Some sizable regions of different chromosomes of the human genome are more than 99 percent nucleotide identical with one another. These regions were overlooked in the production of the draft genome sequence of the human genome because of their high level of similarity. Of the techniques discussed in this chapter, which would allow genome researchers to identify the existence of such duplicate regions?

Question 14.34

Some exons in the human genome are quite small (less than 75 bp long). Identification of such “microexons” is difficult because these distances are too short to reliably use ORF identification or codon bias to determine if small genomic sequences are truly part of an mRNA and a polypeptide. What techniques of “gene finding” can be used to try to assess if a given region of 75 bp constitutes an exon?

Question 14.35

You are studying proteins having roles in translation in the mouse. By BLAST analysis of the predicted proteins of the mouse genome, you identify a set of mouse genes that encode proteins with sequences similar to those of known eukaryotic translation-initiation factors.
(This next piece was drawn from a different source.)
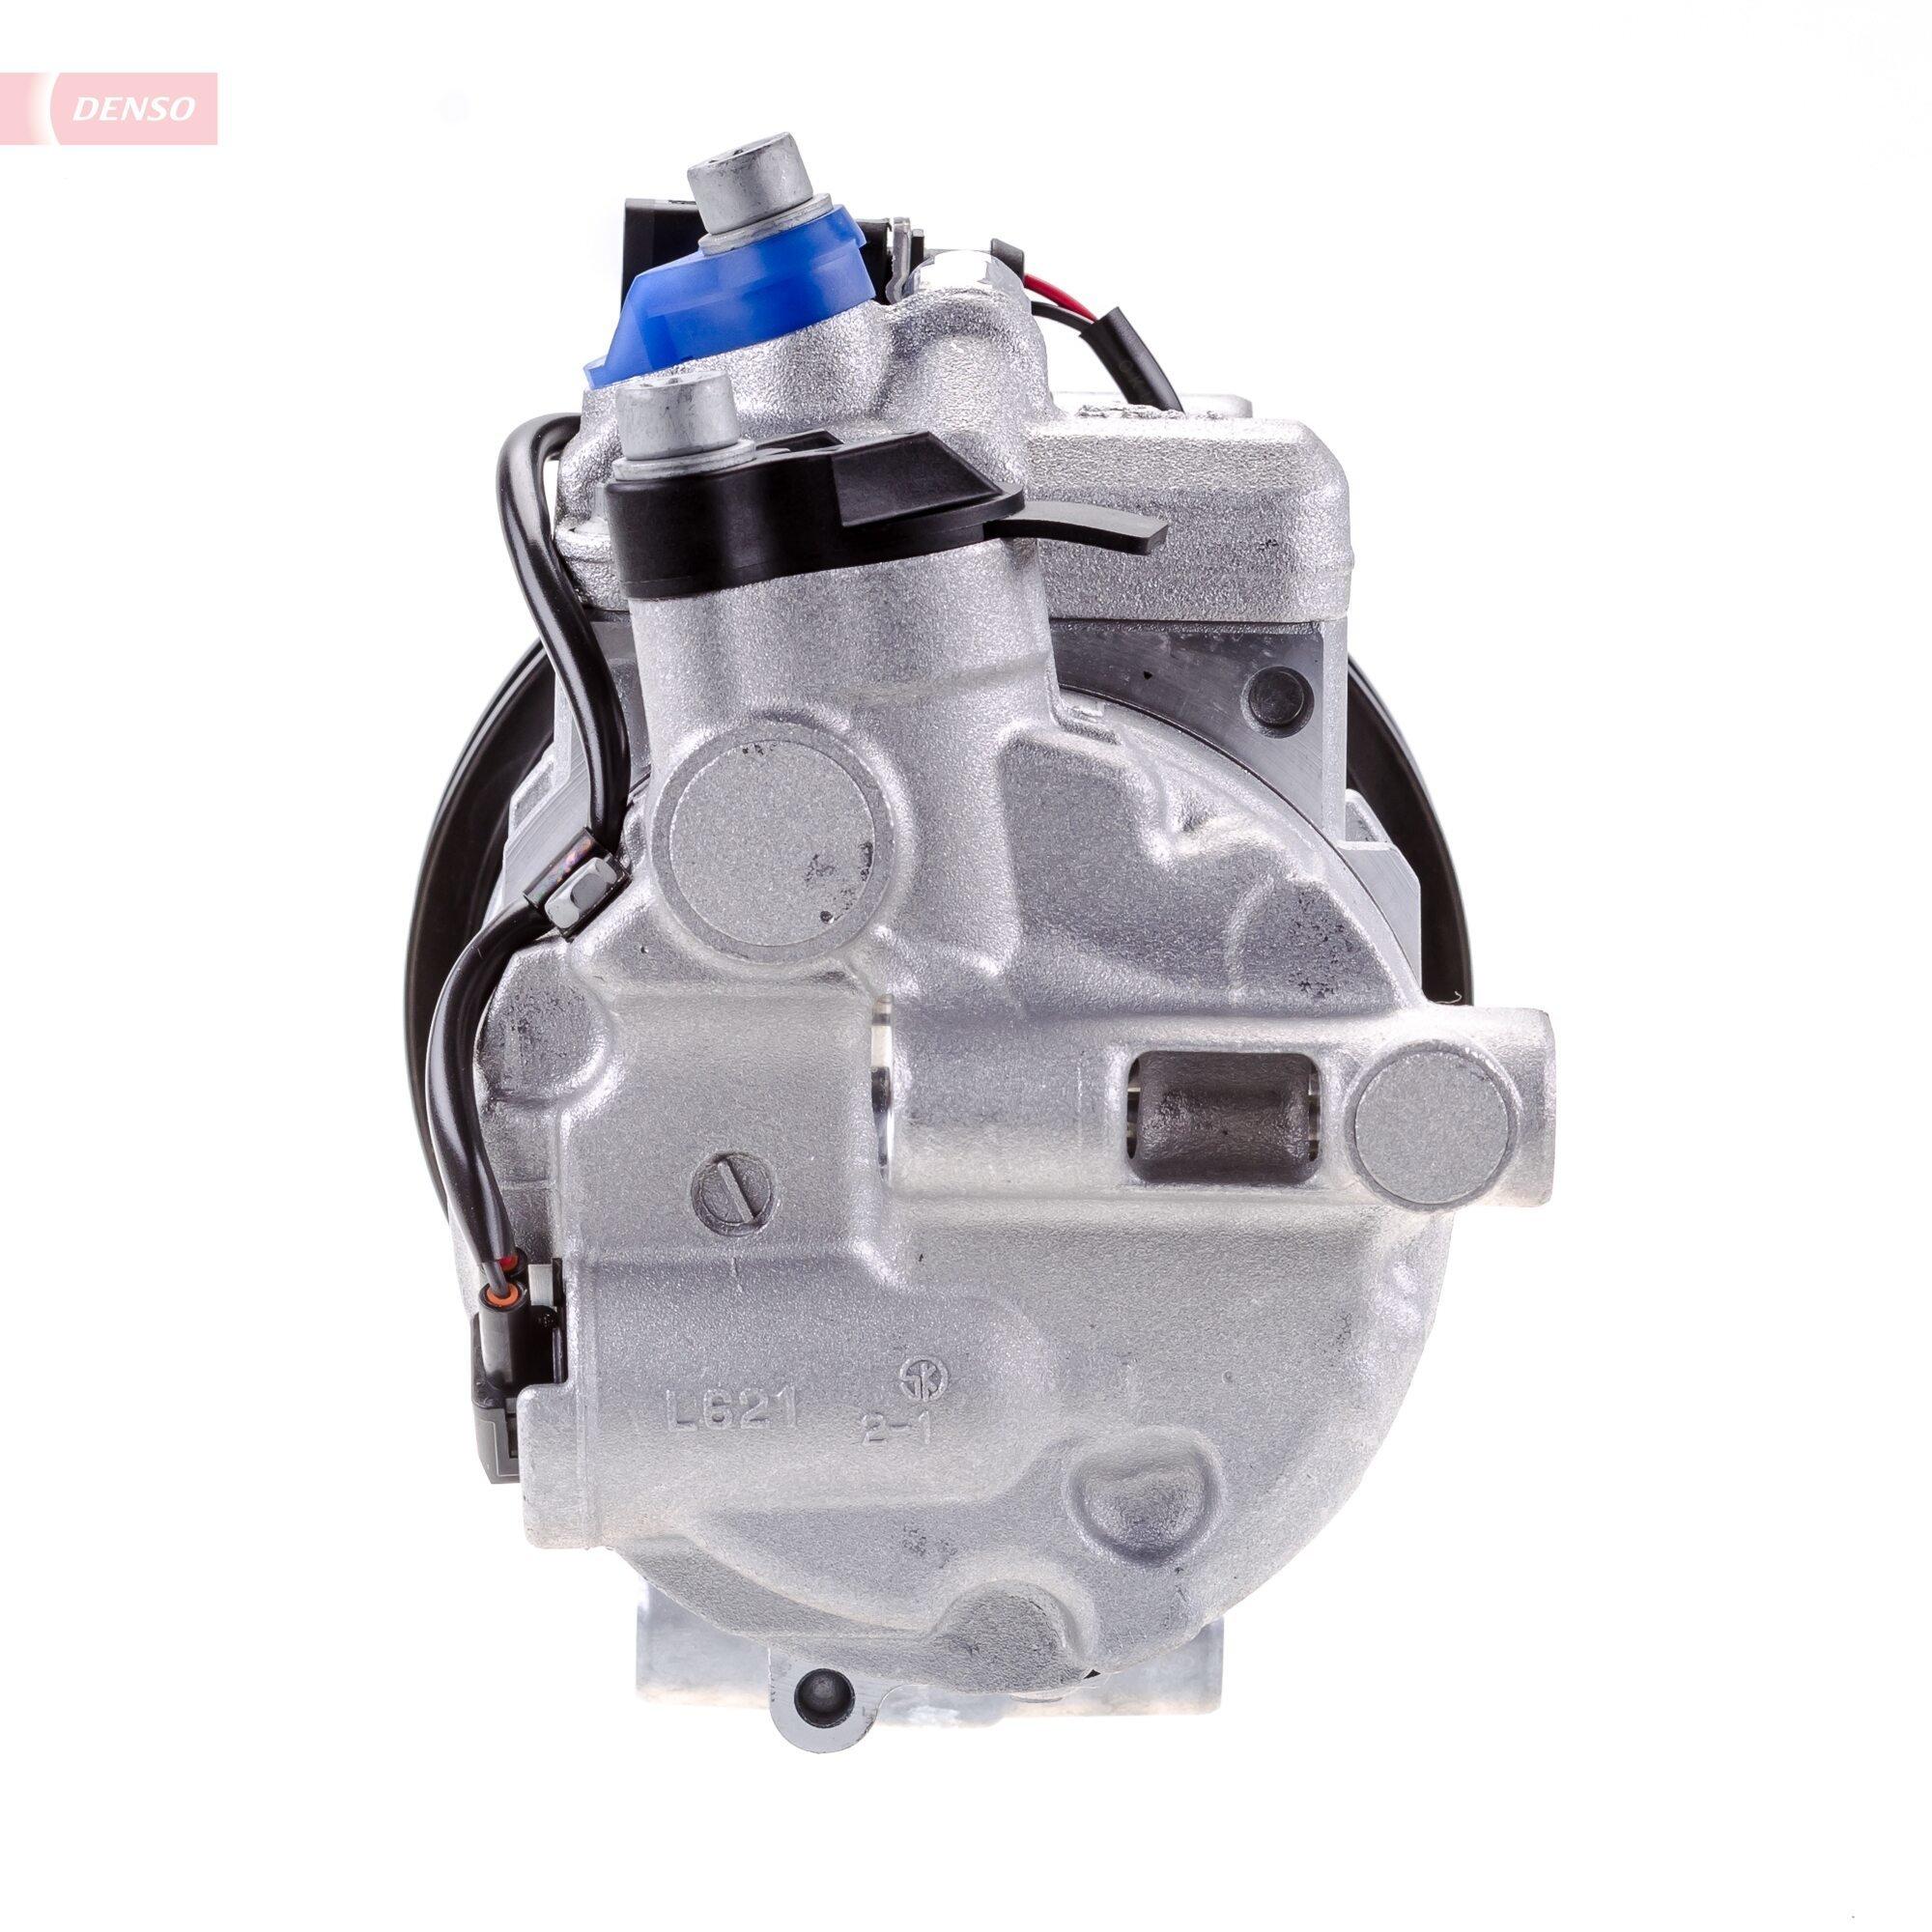 Kompressor, Klimaanlage DENSO DCP02103 Bild 3

You are interested in determining the phenotypes associated with loss-of-function mutations of these genes.

  1. Would you use forward- or reverse-genetics approaches to identify these mutations?

  2. Briefly outline two different approaches that you might use to look for loss-of-function phenotypes in one of these genes.

Question 14.36

The entire genome of the yeast Saccharomyces cerevisiae has been sequenced. This sequencing has led to the identification of all the open reading frames (ORFs, gene-size sequences with appropriate translational initiation and termination signals) in the genome. Some of these ORFs are previously known genes with established functions; however, the remainder are unassigned reading frames (URFs). To deduce the possible functions of the URFs, they are being systematically, one at a time, converted into null alleles by in vitro knockout techniques. The results are as follows:

15 percent are lethal when knocked out.

25 percent show some mutant phenotype (altered morphology, altered nutrition, and so forth).

60 percent show no detectable mutant phenotype at all and resemble wild type.

Explain the possible molecular-genetic basis of these three mutant categories, inventing examples where possible.

Question 14.37

Different strains of E. coli are responsible for enterohemorrhagic and urinary tract infections. Based on the differences between the benign K-12 strain and the enterohemorrhagic O157:H7 strain, would you predict that there are obvious genomic differences

  1. between K-12 and uropathogenic strains?

  2. between O157:H7 and uropathogenic strains?

  3. What might explain the observed pair-by-pair differences in genome content?

  4. How might the function of strain-specific genes be tested?